Do I blame Lúnasa for this? Of course not, I’ve really no problem with Lúnasa as a band or as people, they’ve got some nice tracks, particularly on their first album. I don’t think the Lúnasa/McGoldrick type of thing is the antichrist of trad, I quite like the McGoldrick/McSherry At First Light CD and I think the Tunes CD with Shannon, McGoldrick, Gavin and Murray is mostly great.

But it is how the Lúnasa sound has been adopted by other people and imposed on band and session culture that mostly upsets me. Too many bands and session goers are copying them, particularly regarding guitarists, bouzouki’s and other accompanists, I say this as a guitarist myself. Too often the Lúnasa style of backing really does not work in sessions, it only works when particular tunes are being played and particular players are playing. It really does my head in when an accompanist is so inflexible that all they can do throughout a whole session is this kind of backing. Accompanists need to be very flexible in their approach to backing and should have an array of styles, chords and progressions available to match whoever they find themselves playing with….but that’s another topic altogether!

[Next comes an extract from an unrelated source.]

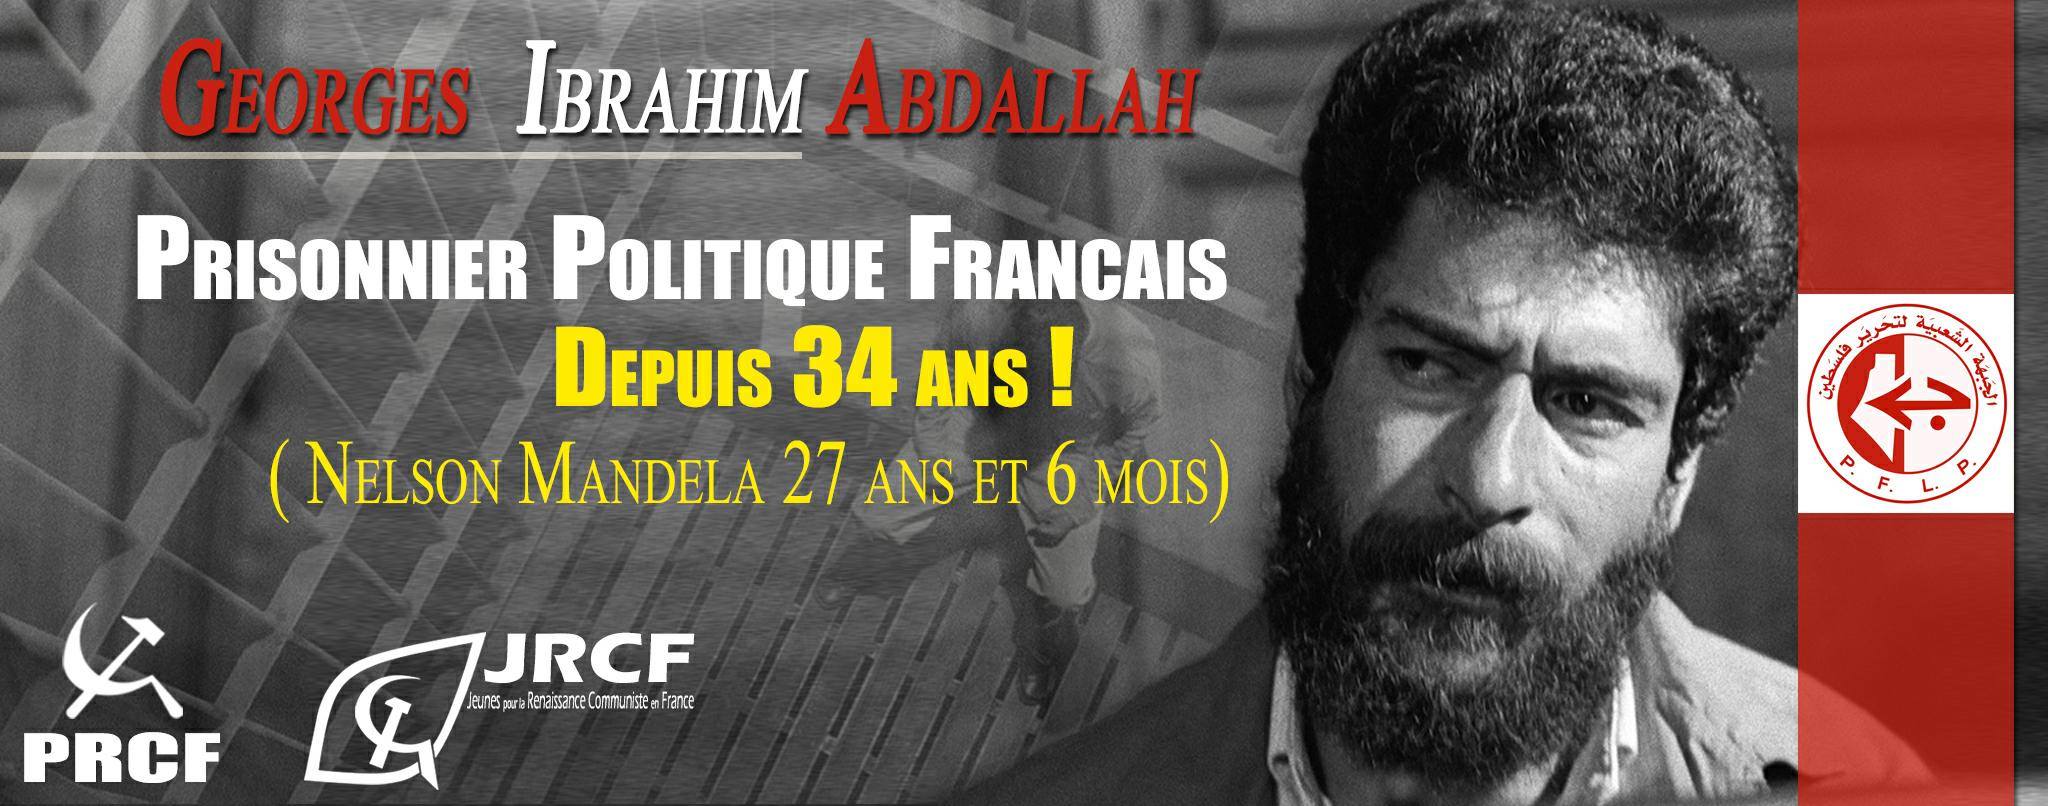 En vidéo, l’appel à la libération de Georges Ibrahim Abdallah !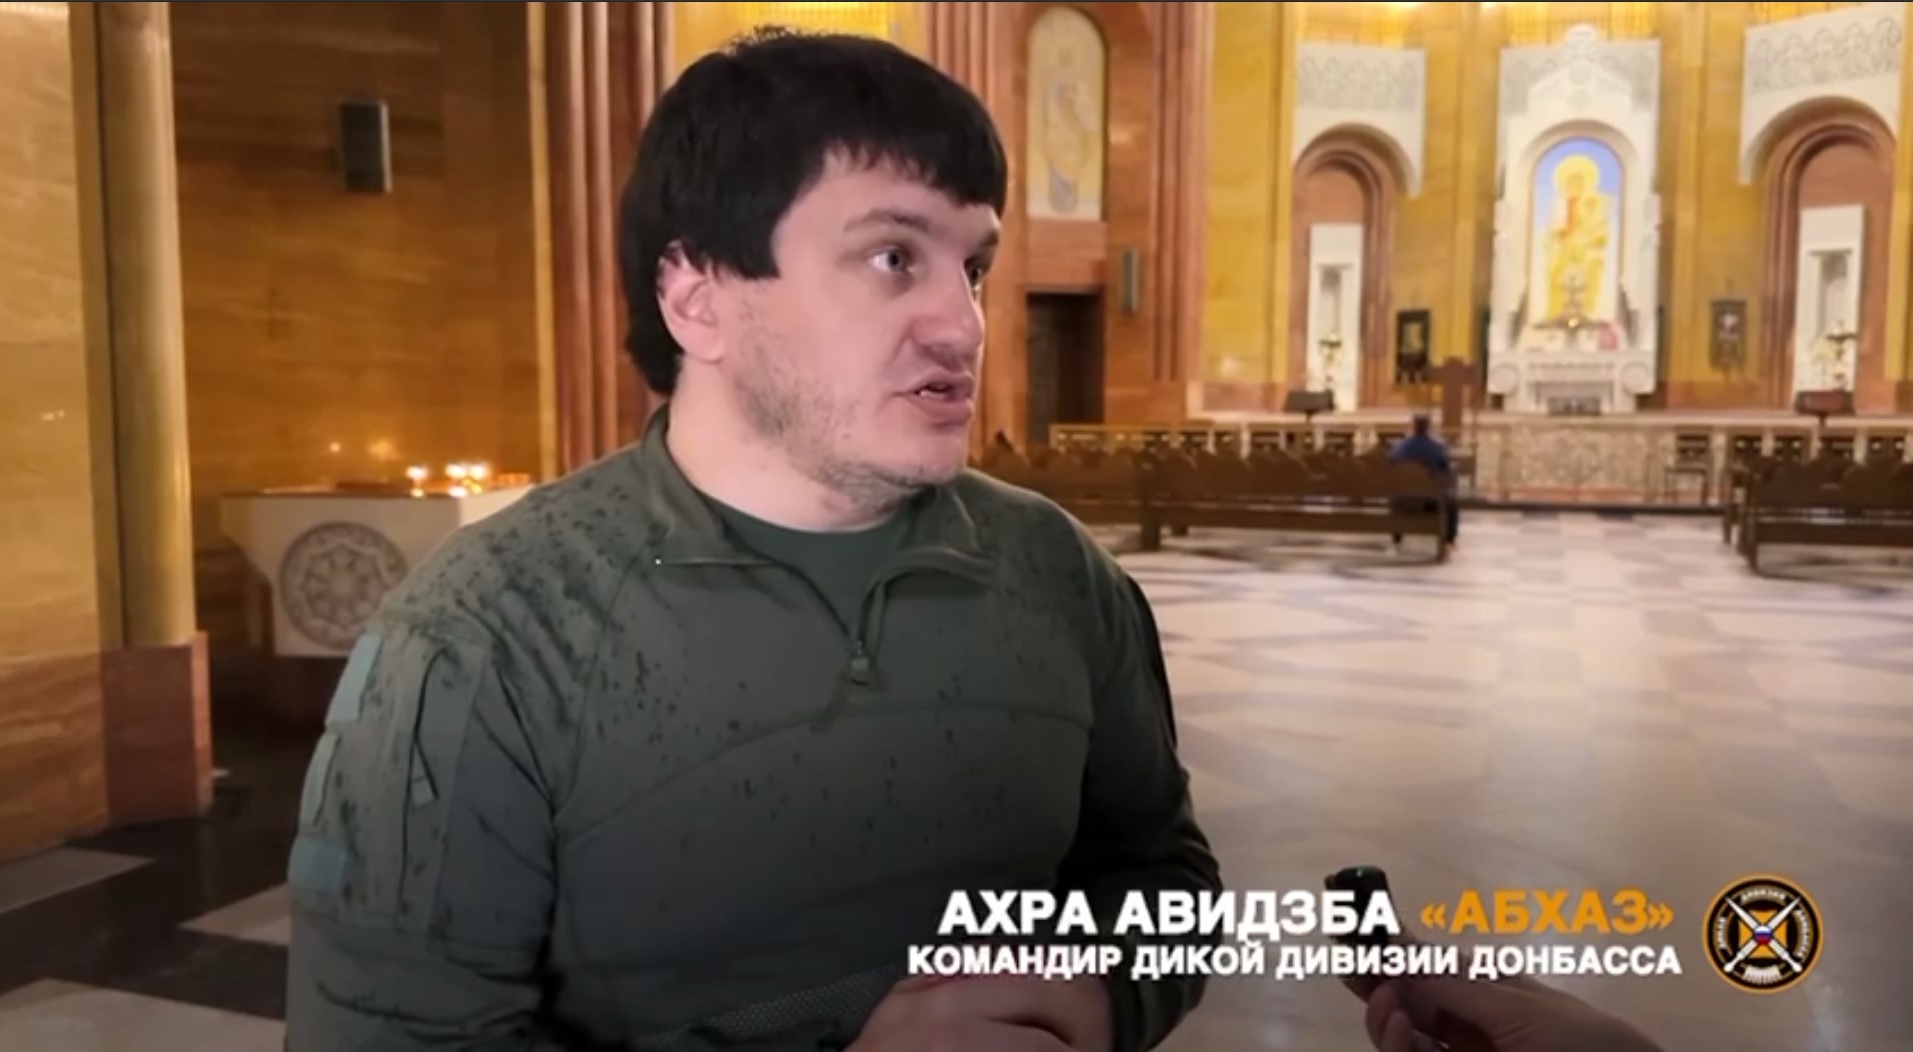 Армянская церковь Москвы благословила батальон на Донбасс

So overall, Lúnasa as a band are not my cup of tea at but I don’t begrudge them personally and I admire their talents as musicians, so I’d be honoured to meet and/or play with any of them. But it is their imitators, be it the numerous copycat bands out there or the lazy session goers who can’t come up with their own musical personalities who get on my nerves.

Start thinking for yourselves people! There’s so much more to trad than you could possibly know!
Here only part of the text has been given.